Afternoon
****Background Info ******
We have currently carried out an upgrade on our Left Hand P4000 SAN. We updated the HyperV Host Servers and SAN using SPP 2013.020.2013. After we carried out the initial upgrade we realise that the Failover Cluster manager was unable to Communicate with the Witness or the Cluster Shared Volumes.
We logged a call with both HP (SAN Providers) and Microsoft Premier Support. After a lengthy discussion with both parties we came to the realisation that the issue was being caused by the DSM for MPIO. On Microsoft recommendations we removed the HP DSM for MPIO software from the 4 SAN Nodes, after removing the software from the First Node we noticed an immediate improvement as we were able to talk to certain Shared Volumes and the Witness. Once the Software had been removed from all Nodes are SAN appeared to be fully functional.
At this Stage both Microsoft & HP recommended that we install the latest version of HP DSM. So we installed “HP StoreVirtual DSM for MPIO Installer AT004 10503” this brought it upto version 10.0.0.1486.1. The San appeared to remain stable, we were able to talk to the Witness, all CSV’s and we spot checked Live Migrate, Quick Migrate and Move VM to another Node. All appeared to work at this point.
***** Issue*****
The following day we carried out a full health check to confirm that all servers could migrate using all 3 methods. During our testing we discover several of the VM’s were unable to migrate from a particular Node2. We were able to migrate VM’s onto this node but not off it. Several other VM also seemed to have issues migrating onto other Nodes.

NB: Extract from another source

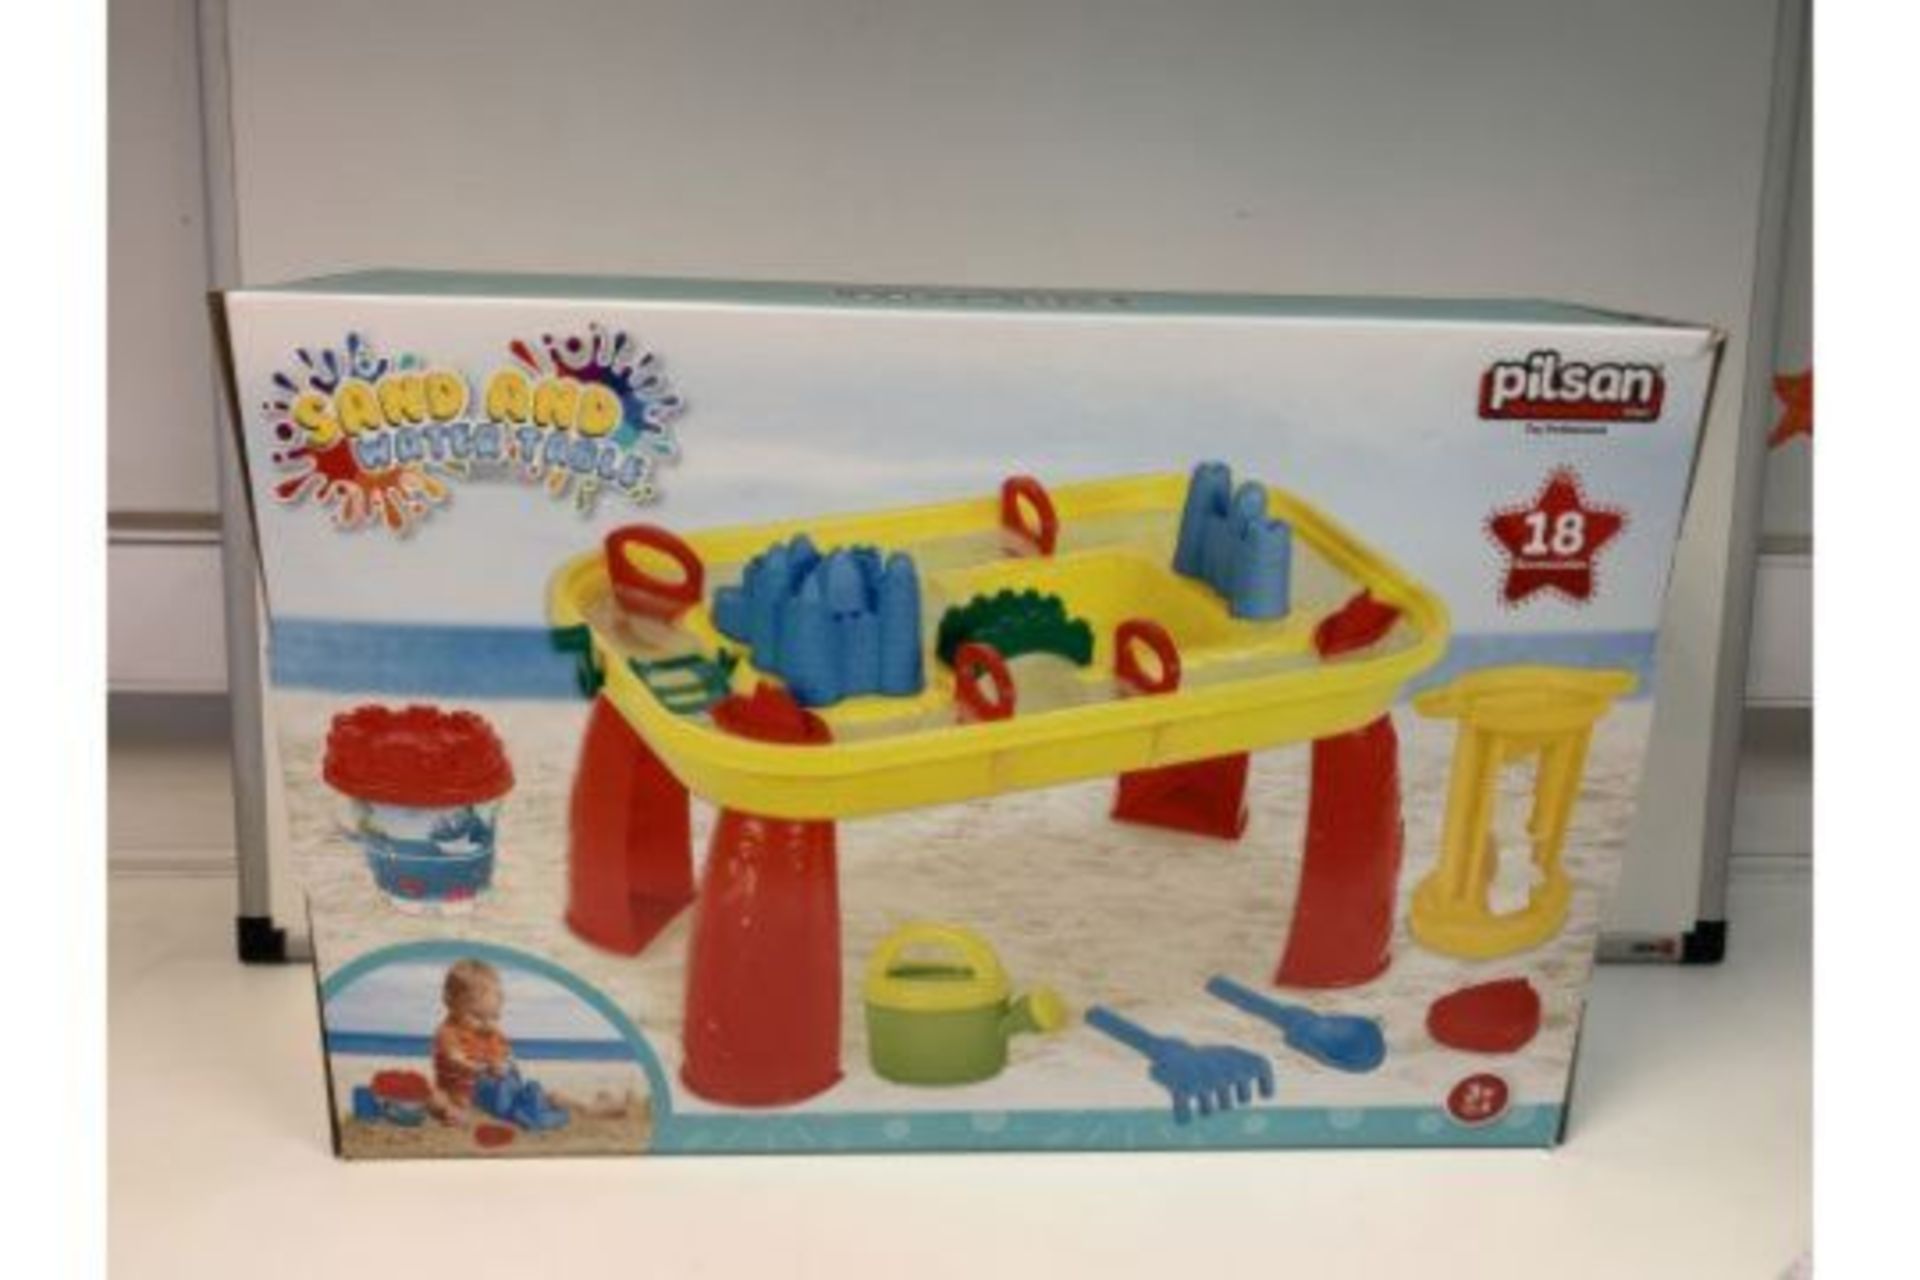 2 X BRAND NEW PILSON 18 PIECE ACCESSORIES SAND AND WATER TABLES R9

The VM’s affected have multiple OS, live in different CSV’s and are managed by different Nodes. Although these VM’s are unable to Live Migrate the majority of them will quick migrate or can be moved to another node.
*****Testing******
During are testing we have tried several tests to see if we can stop the potential issue. None of which has caused any difference when live migrating
- Restarted the HyperV Host Server
- Re installing the virtual quest services
- Remove the network connection from the VM
- Remove the Virtual Network Adapter
- Readded the Virtual Adapter (Synethic Adapter)
- Re created the Live Migration Team
Questions
- Has anyone else come across these issues after applying latest SPP version
- Is there any best practice methods for troubleshooting this issue
- Which is the best DSM for MPIO for a Left Hand P4000 SAN
- We are thinking of reverting back to the Microsoft DSM for MPIO, is this likely to cause any additional issues?
- What is the best way to revert back to the Microsoft DSM for MPIO (one Host Server at a time, or all at the same time?)
At this point it might be relevant to mention that we have set up a HP Team for Live Migration. All Teams have been set identically, same NICs (one onboard nic and one external nic) all set with LACP, same naming conventions. We have noticed that when we try to migrate from Node2 the Network Migration Team traffic fluctuates between 0.1% & 0.3% of the Nic Capability, while on other Host Servers it transfers at 35-40%.